The best example I know of placing such cretins where they deserve to be is The Divine Comedy (The Inferno) written by Dante degli Alighieri (1265-1321) in the 14th century. Dante did not just suffer the infuriating faux pas and social sins of people such as Dante’s political enemies in Italy, he created an elaborate hell of deserved punishments and placed them in it. To that I say AMEN! Perhaps, we should at a minimum list and expose some of the boorish behaviors that call for condemnation. You, Gentle Reader, will surely wish to recognize many others that quickly come to mind.
I will lead with those lazy louts who defile our roads, streets and sidewalks with their litter. Is it too burdensome to put one’s trash in a designated receptacle? Oh, and that includes cigar and cigarette butts, you buttheads. I humbly suggest such losers should have to dine off unwashed dinner plates previously used to gather stockyard feces.
Then there are the geniuses who ”child-proof” medicine bottles by making them completely unopenable except by a chainsaw. This genre of misled child saviors should acknowledge that if a medicine bottle that contains medicine for children and the elderly cannot be opened, it does not protect but endangers the intended classes.

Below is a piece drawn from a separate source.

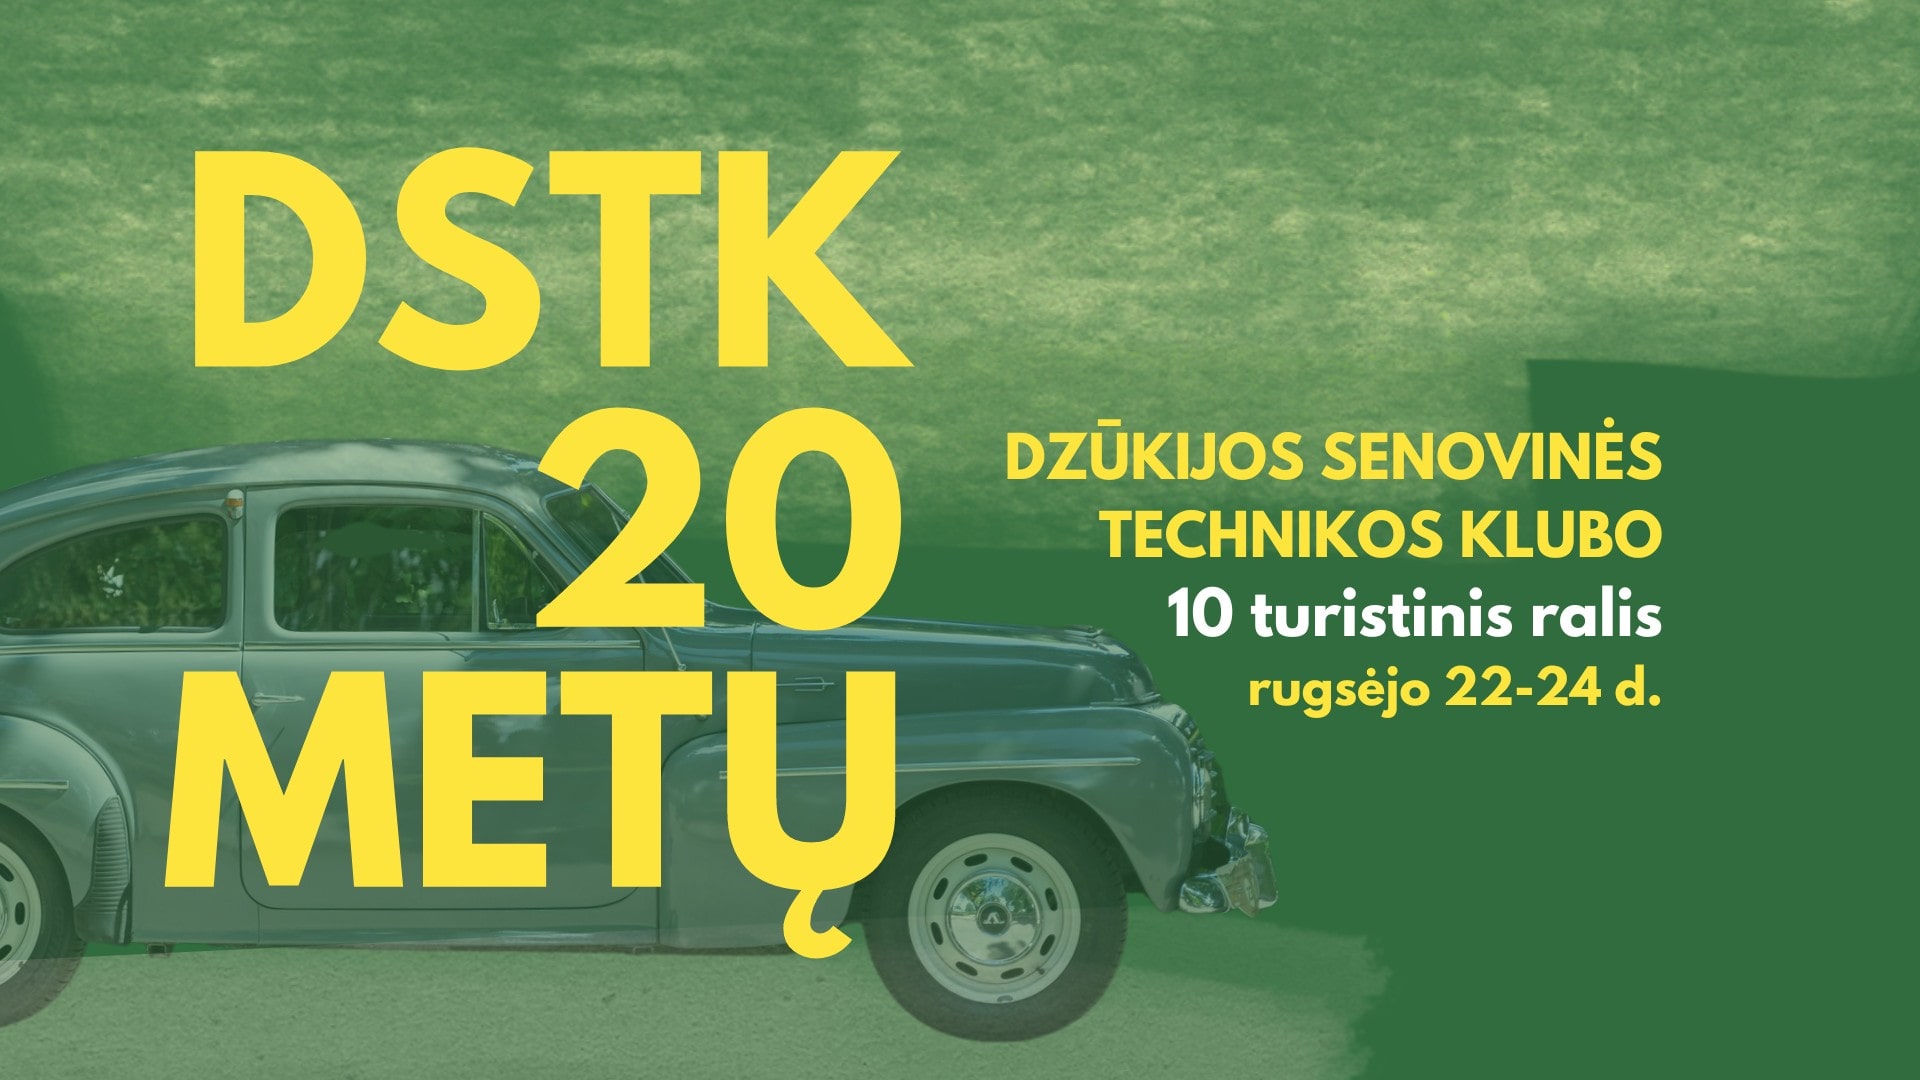 Turistinis ralis - "DSTK 20"

I think a reasonable punishment for such bottle cappers would be to have to open every can or bottle only with their teeth.
Another group of public minded workers in need of training are traffic officers who, even once a traffic accident scene is secure and any injured are removed, fail to direct vehicles so that people lined up for miles in each direction can continue on. Often officers forget that most of the world’s citizens were not involved in the accident but do have other things to do. A proper sanction might be making such unconcerned public servants always be the last in line for Taylor Swift concert tickets then telling them it is sold out when they finally reach the ticket seller.
And what about those makers of products such as expensive clothes who are so concerned that some miscreant might steal one of the thousands of items on the shelves that they stick or staple or otherwise attach labels to each product that can only be removed by damaging the product? Perhaps a label should be affixed to their forehead with a staple as a reminder not everyone is a thief.
Another place that reciprocal treatment might be called for is drive-through establishments, such as coffee shops, where cups of scalding liquid are filled so full there is no way to handle them without the liquid splashing upon one’s lap? Do the baristas get some satisfaction from seeing us drive away in fits and jerks? Workers at such establishments might be sentenced to a lifetime of sitting in a hot tub of tar heated to a toasty 103° Fahrenheit.
Now, I know we have just skimmed the greasy surface of situations that call for divine, or at least heartfelt, retribution for behaviors we wish we could see change for 2025. On the other hand, Dante knew he could not expiate all of Italy’s 14th century uncalled for behaviors. He just did the worst he could. I call for the same deliverance from the jackanapes who show no concern for the rest of us.
You, Gentle Reader, might desire the same including the extinction of newspaper columnists who campaign for never to be achieved outcomes.